Evaluating and Improving the Robustness of Speech Command Recognition Models to Noise and Distribution Shifts
This work addresses the underexplored issue of out-of-distribution robustness in audio-based models, which is incremental as it builds on prior computer vision research by applying similar concepts to speech recognition.
The study tackled the problem of evaluating and improving the robustness of speech command recognition models to noise and distribution shifts, finding that noise-aware training improves robustness in some configurations, with metrics like Fairness and Robustness used to quantify these effects.

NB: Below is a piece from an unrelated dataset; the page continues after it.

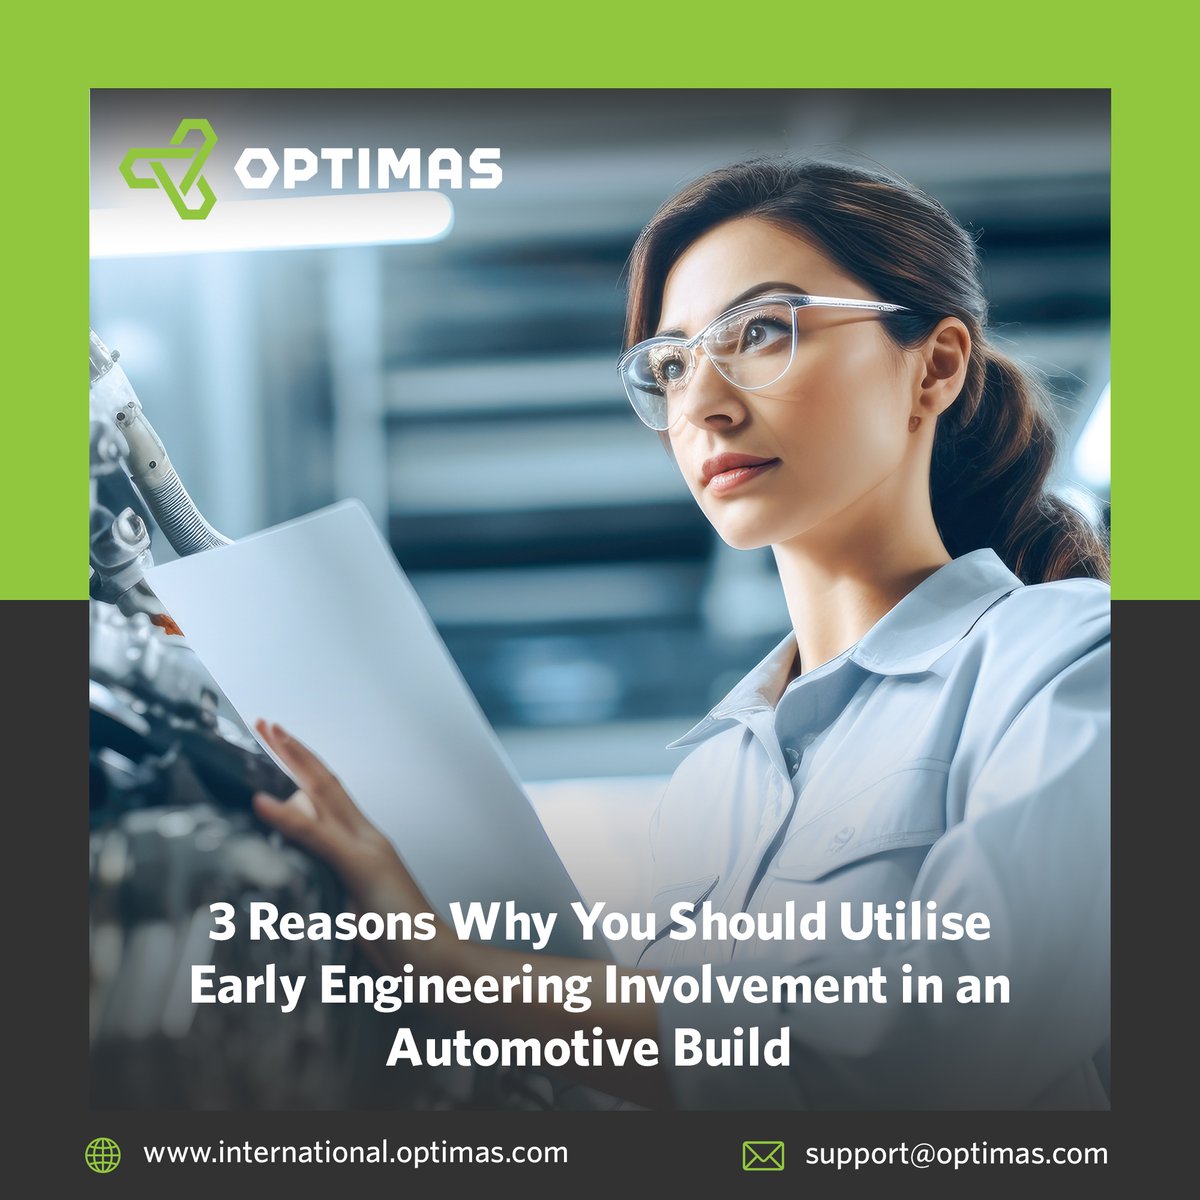 Read below to find out how benefits of early engineering involvement can help you in your automotive builds and get in touch with us so we can help provide solutions to your engineering queries. hubs.li/Q023Q6fl0 #Optimas #Engineering #Solutions #OEM

Although prior work in computer vision has shown strong correlations between in-distribution (ID) and out-of-distribution (OOD) accuracies, such relationships remain underexplored in audio-based models. In this study, we investigate how training conditions and input features affect the robustness and generalization abilities of spoken keyword classifiers under OOD conditions. We benchmark several neural architectures across a variety of evaluation sets. To quantify the impact of noise on generalization, we make use of two metrics: Fairness (F), which measures overall accuracy gains compared to a baseline model, and Robustness (R), which assesses the convergence between ID and OOD performance. Our results suggest that noise-aware training improves robustness in some configurations. These findings shed new light on the benefits and limitations of noise-based augmentation for generalization in speech models.